Lease Marketplace

How to Vet an AG Operator and Structure a Farm Lease

3 minutes

Signing a farm lease with the wrong operator is a costly mistake. Equipment damage, soil compaction, input misuse, missed rent payments are some of many problems compounding quickly.

How to Vet an AG Operator and Structure a Farm Lease

Signing a farm lease with the wrong operator is a costly mistake. Equipment damage, soil compaction, input misuse, missed rent payments are some of many problems compounding quickly. Here are a few ways that can help identify a quality ag operator and structure a lease that protects your land and your income.

What You're Looking For in an Ag Operator

Before you review a single proposal, get clear on your priorities. A good ag operator:

  • Has demonstrated farming experience in your region and with your soil types
  • Has financial stability to meet lease obligations even in a down year
  • Communicates clearly and responds promptly
  • Respects the land — doesn't strip it, doesn't cut corners on conservation practices
  • Has a track record you can verify

Red flags to watch for:

  • Vague answers about equipment, financing, or farming history
  • Unwillingness to provide references
  • Pressure to sign quickly
  • Requests for unusual lease terms upfront (unusually long terms, deferred payments)

How to Vet a Farm Tenant

Step 1: Ask for a farming history

Request a summary of what they've farmed, for how long, and under what terms. Ask specifically about previous landlord relationships.

Step 2: Get references — and call them

Ask for two or three prior landlords and actually call. Ask: Did they pay on time? Did they maintain the property? Would you lease to them again?

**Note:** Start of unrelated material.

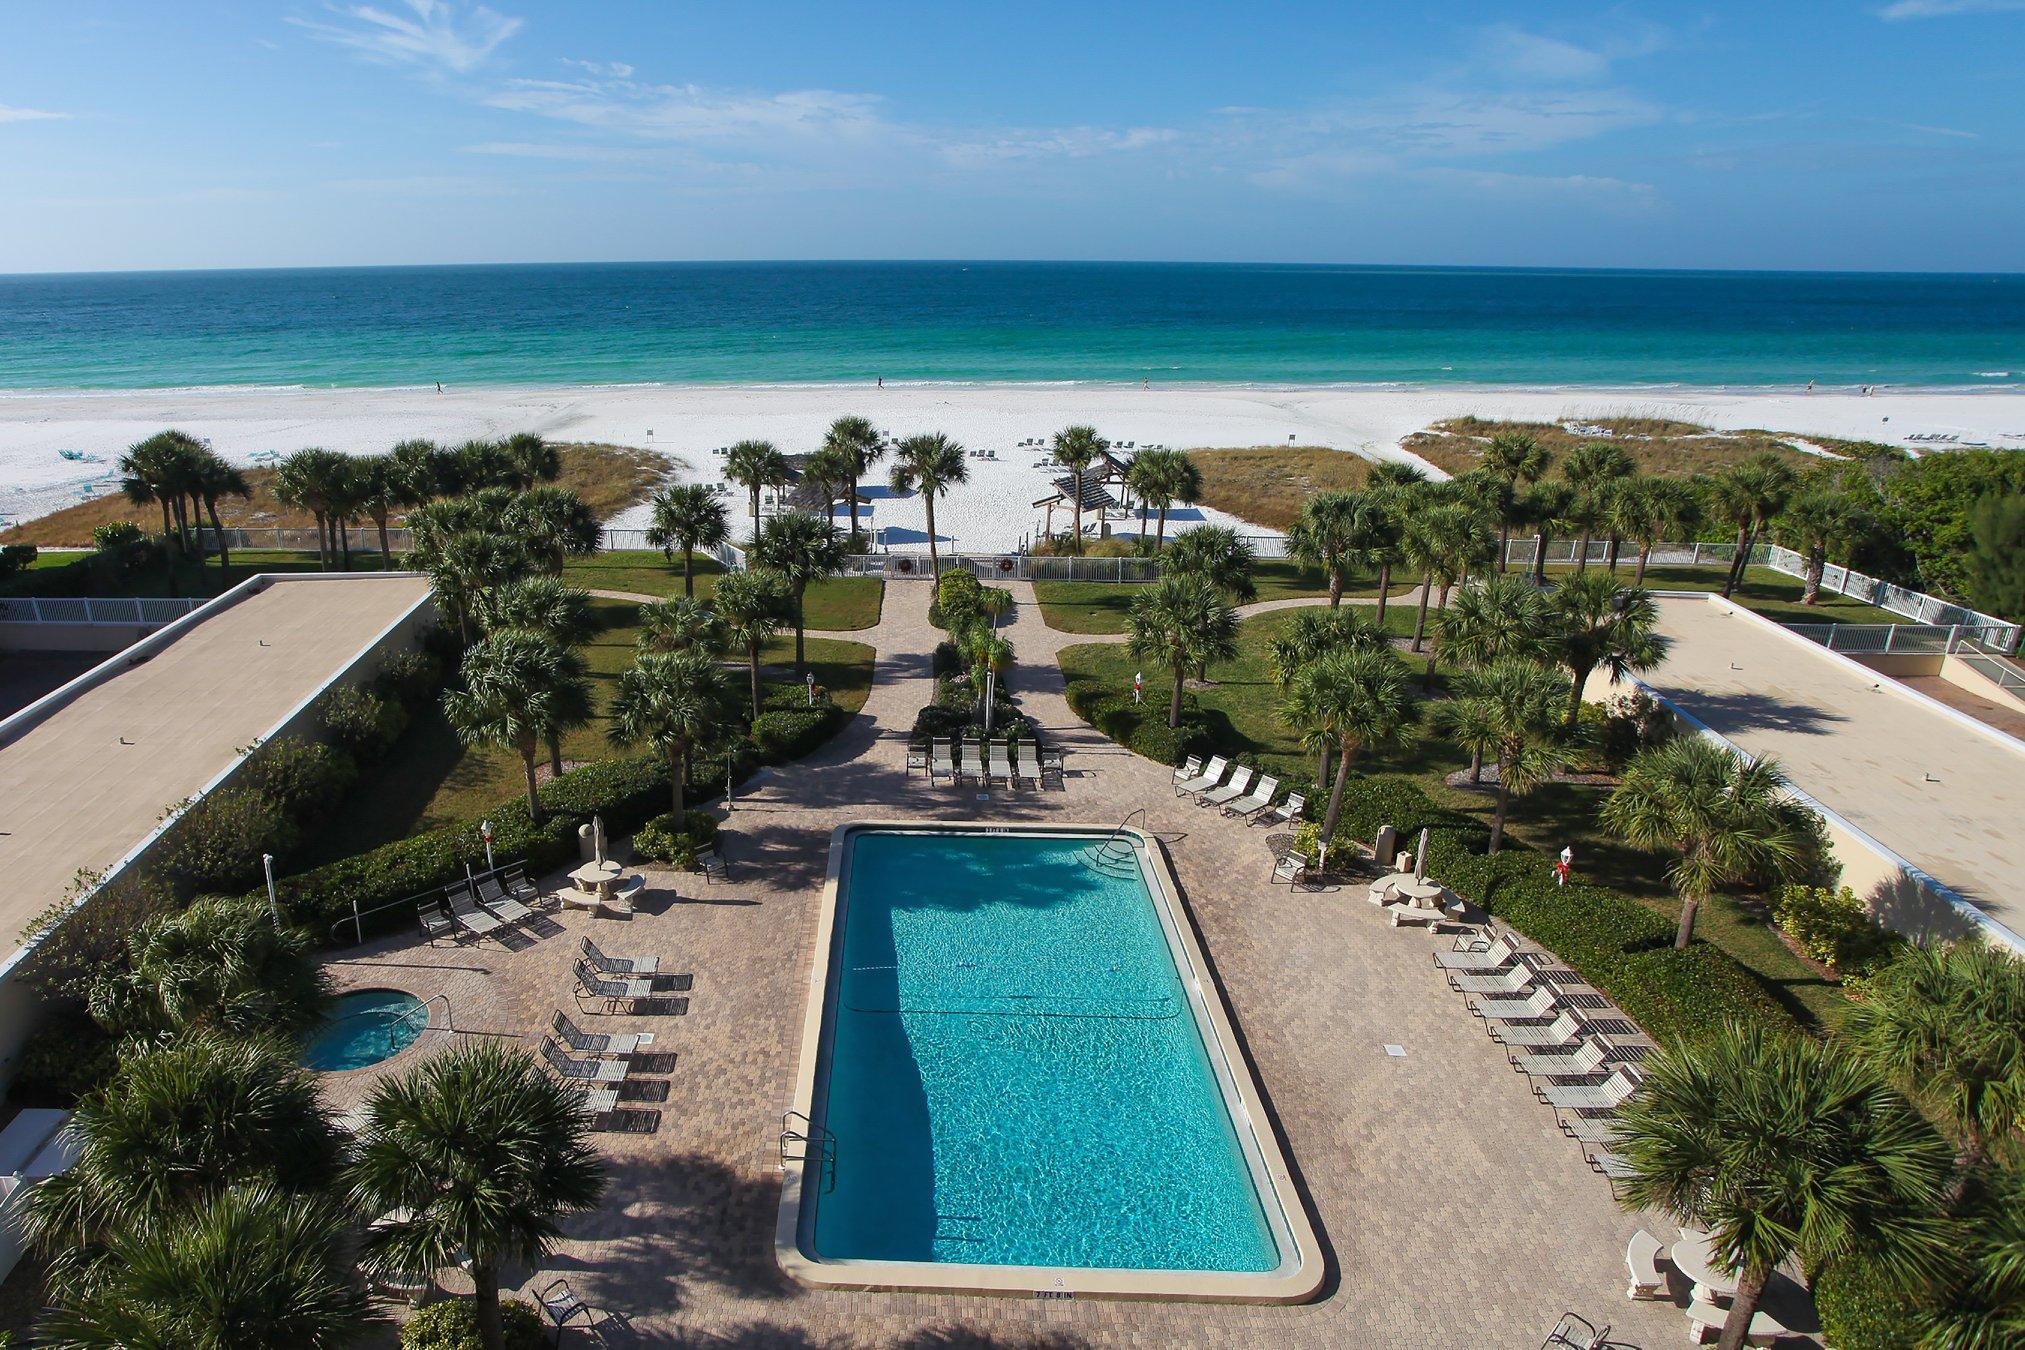 Horizons West Association Siesta Key Crescent Beach Sarasota Area Florida

Step 3: Run a credit check

You're extending credit when you lease land. Ask the operator to consent to a basic credit review. Most serious operators won't object.

Step 4: Verify their equipment and operation

Do they own or lease their equipment? Do they have sufficient capacity to farm your acreage within planting and harvest windows? An underequipped operator is a risk.

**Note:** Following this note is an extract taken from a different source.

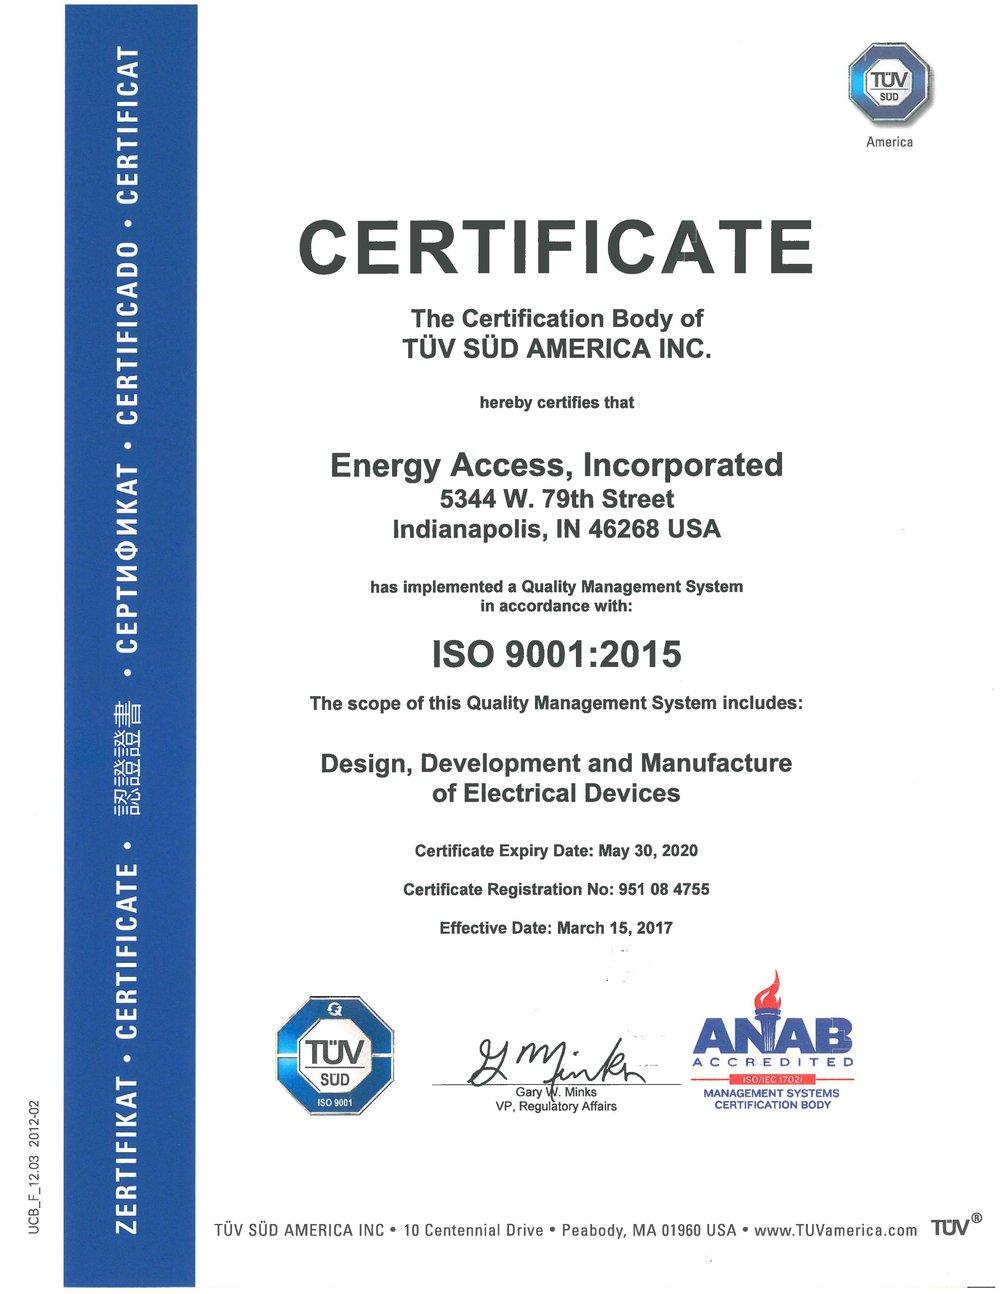 EnergyAccessISO90012015.jpg

Step 5: Ask about their farming practices

What tillage approach do they use? How do they handle inputs — fertilizer, herbicides, pesticides? Do they follow any conservation practices? Your soil health is your long-term asset.

Structuring the Lease

A well-structured farm lease protects both parties and avoids disputes later.

Key terms to address:

Lease Duration

  • 1-year leases give you flexibility; multi-year leases give the operator stability to invest
  • Many ag leases run year-to-year with 6–12 month notice requirements for termination
  • Consider a trial year before committing to multi-year terms with a new operator

Rent Type

Cash Rent — fixed dollar amount per acre, paid annually or in installments. Predictable income regardless of crop yield or price.

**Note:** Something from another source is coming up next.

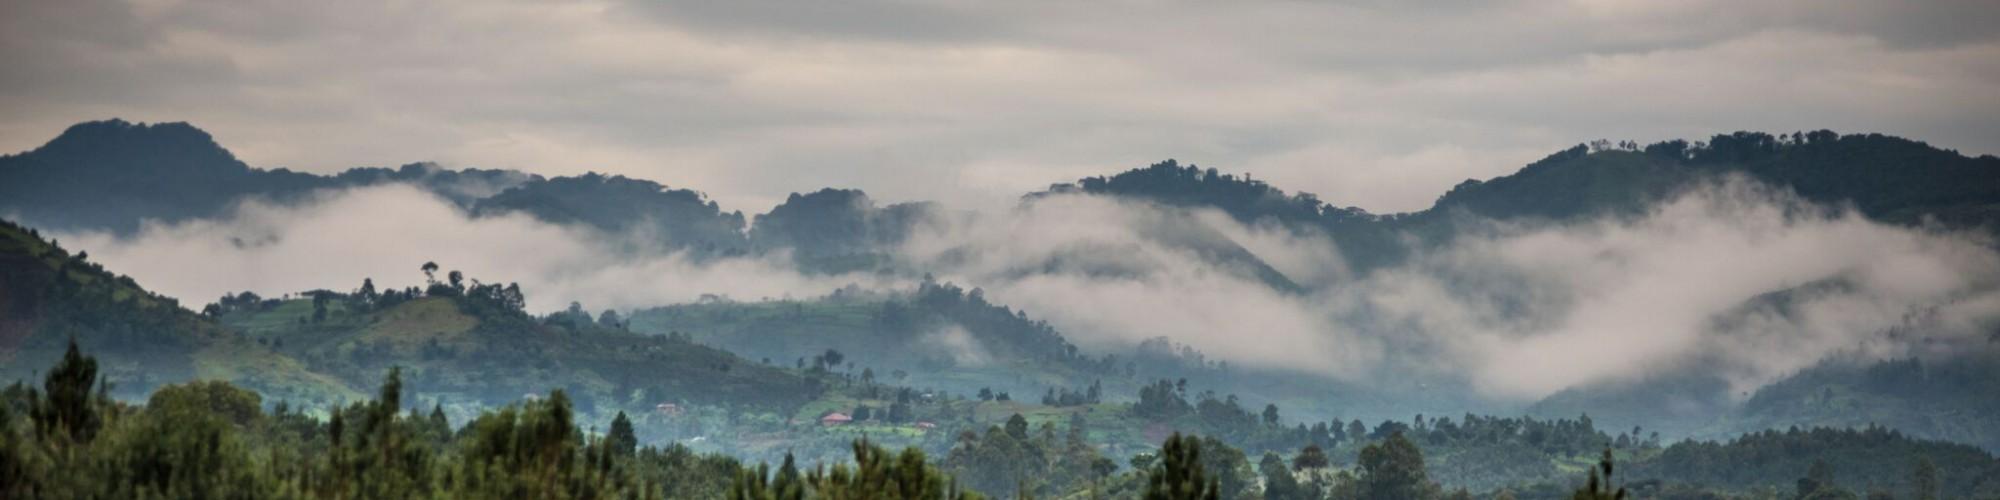 Volcanoes Bwindi_landscape

Crop Share — landlord and operator split the crop (often 25–35% to landlord). You share in upside and downside. Requires more involvement from you.

Flexible Rent — base cash rent with a bonus tied to crop price or yield. A middle-ground option.

Payment Schedule

  • When is rent due? (Typically December 1 for the following crop year, or split between planting and harvest)
  • Penalties for late payment?
  • Acceptable payment methods?

Land Use and Conservation

  • What crops can be grown? Are rotations required?
  • Are cover crops required or allowed?
  • Restrictions on tillage practices?
  • Who is responsible for maintaining drainage, fencing, terraces?

Improvements and Maintenance

  • Who pays for what? Operator improvements typically require written landlord approval
  • Who maintains roads, waterways, and structures?
  • What condition does land need to be returned in?

Termination

  • Notice required from either party
  • What happens to standing crops at termination?
  • Any buyout provisions for improvements the operator made?

Always Get It in Writing

A handshake deal is not a farm lease. Use a written agreement, even with someone you've known for years. BirdDog's lease framework covers the essential terms. For complex arrangements or high-value properties, have an agricultural attorney review the document before signing.

The lease is your protection. Make it thorough.